▶ **Problem description**: Print the whole listing again exactly as it stands, leaving out any images.

▶ **Exercise data**:
-------

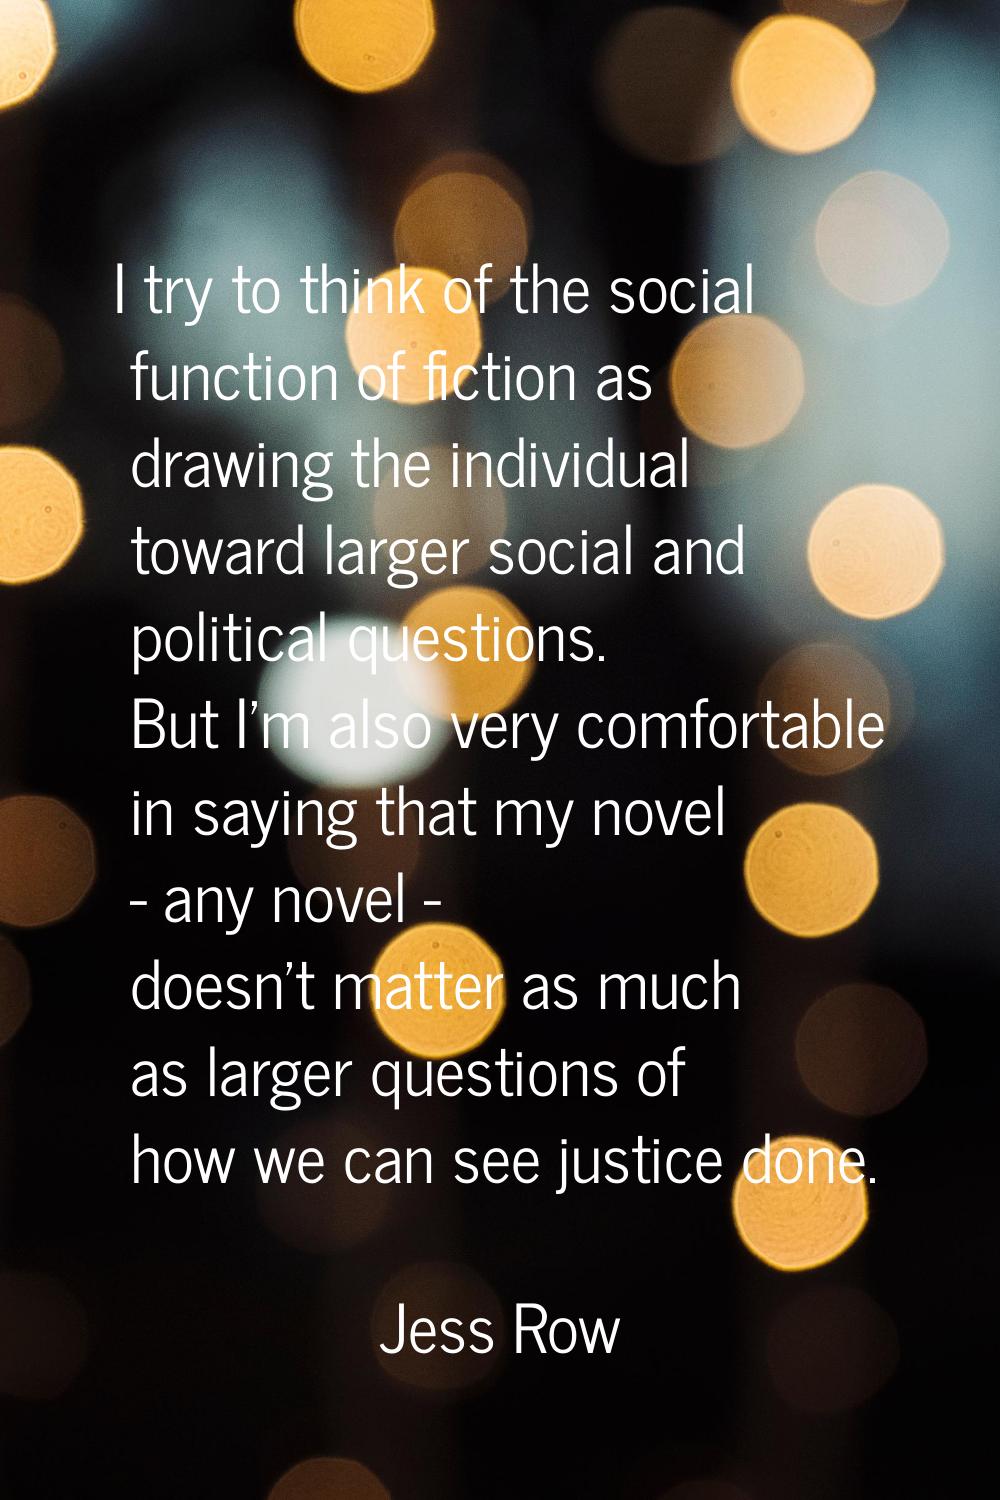 I try to think of the social function of fiction as drawing the individual toward larger social and
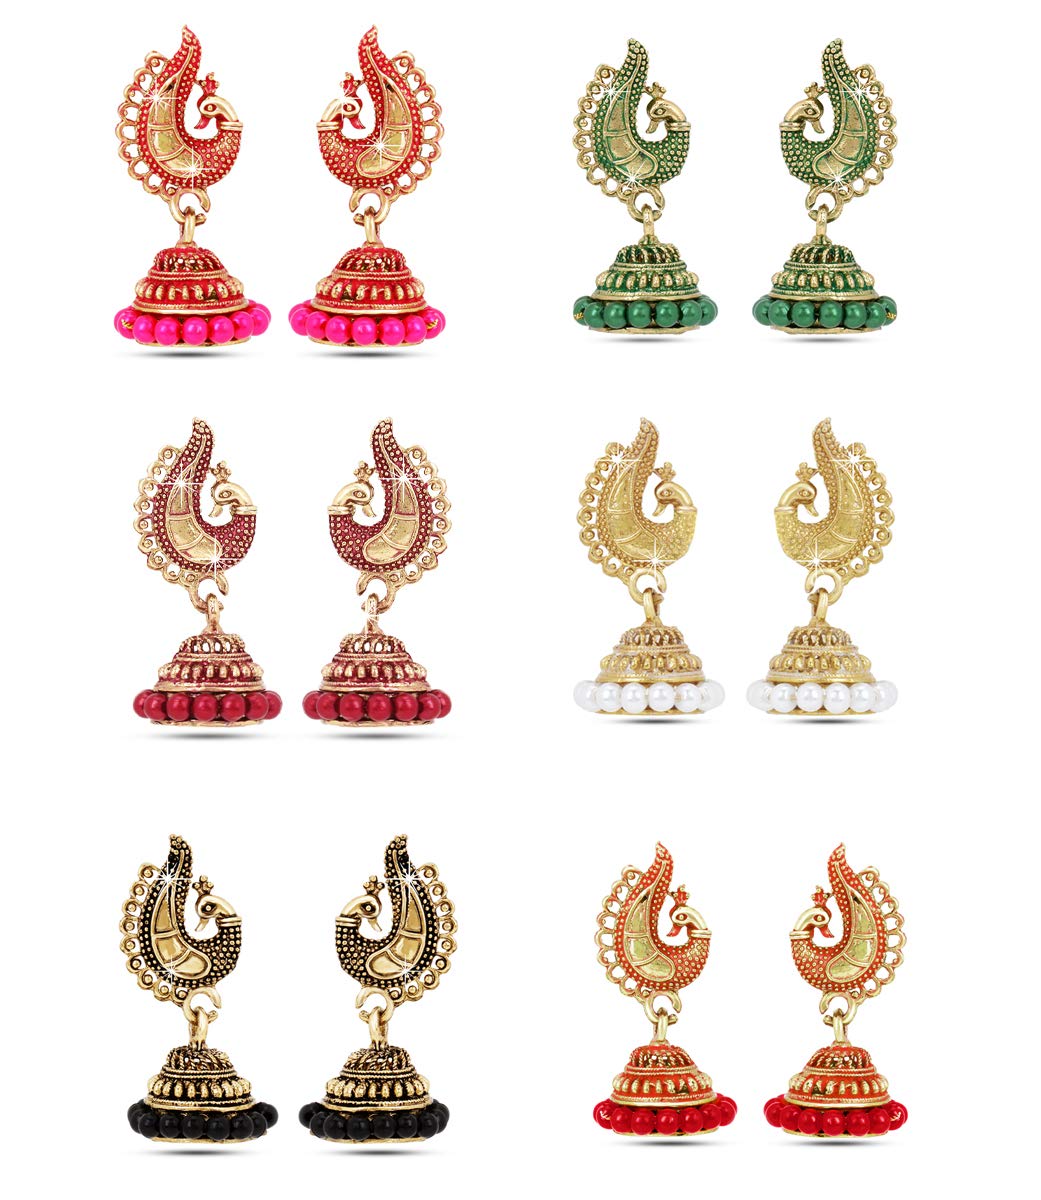 Yellow Chimes Combo of 6 Pair's Gold Toned Multicolor Traditional Peacock Jhumki/Jhumka Earring Sets For Women and Girls
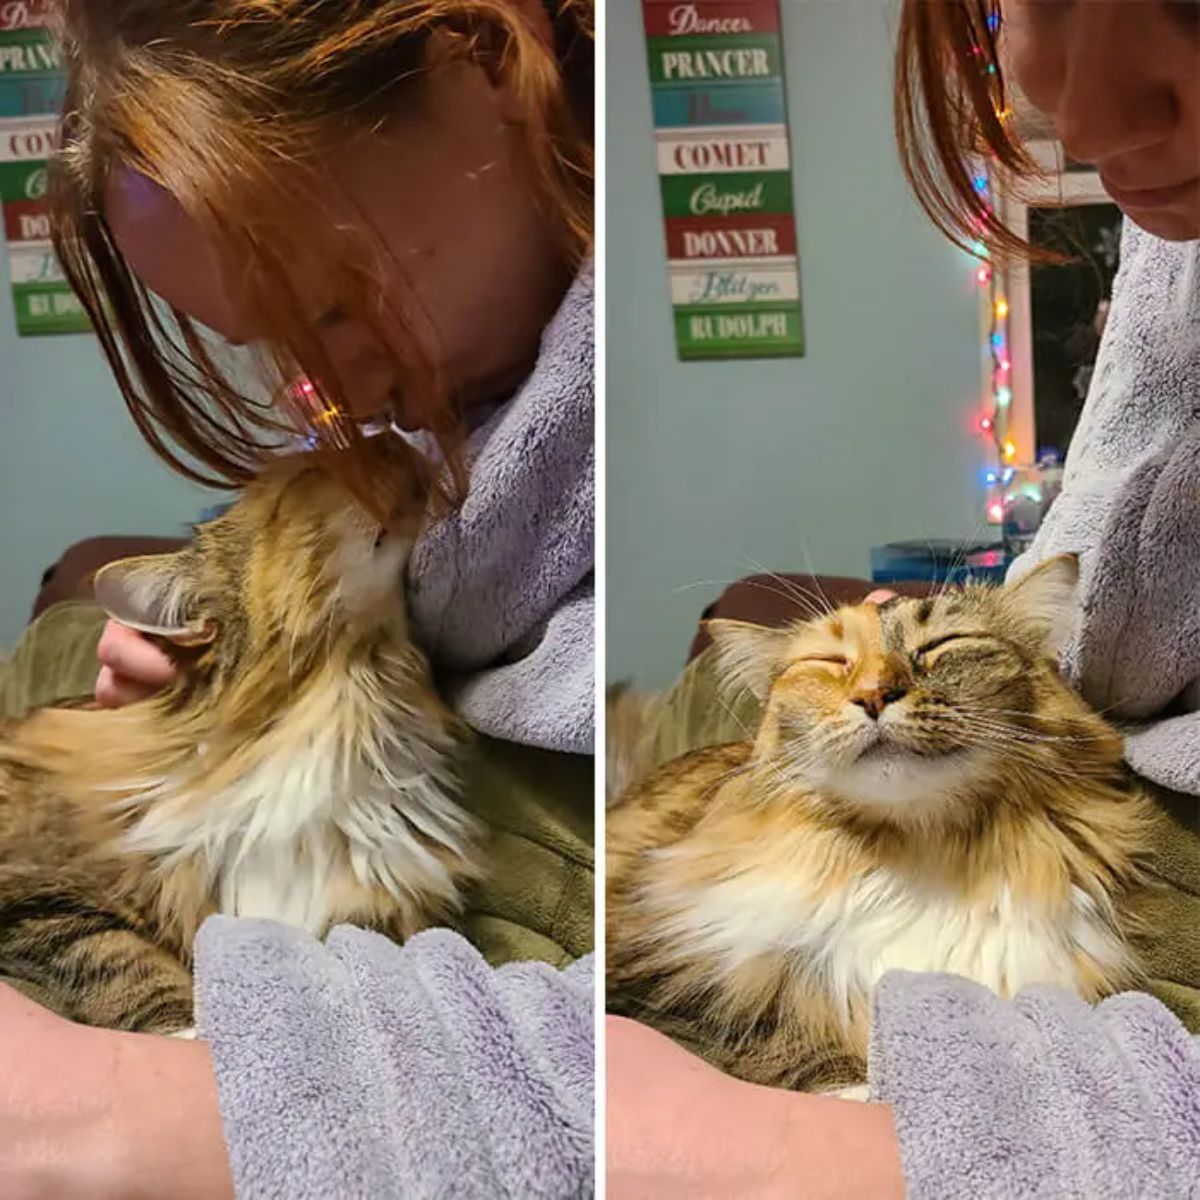 2 photos of a brown and white tabby cat cuddling with a woman

-------

▶ **Solution below**:
 I try to think of the social function of fiction as drawing the individual toward larger social and
 Yellow Chimes Combo of 6 Pair's Gold Toned Multicolor Traditional Peacock Jhumki/Jhumka Earring Sets For Women and Girls
 2 photos of a brown and white tabby cat cuddling with a woman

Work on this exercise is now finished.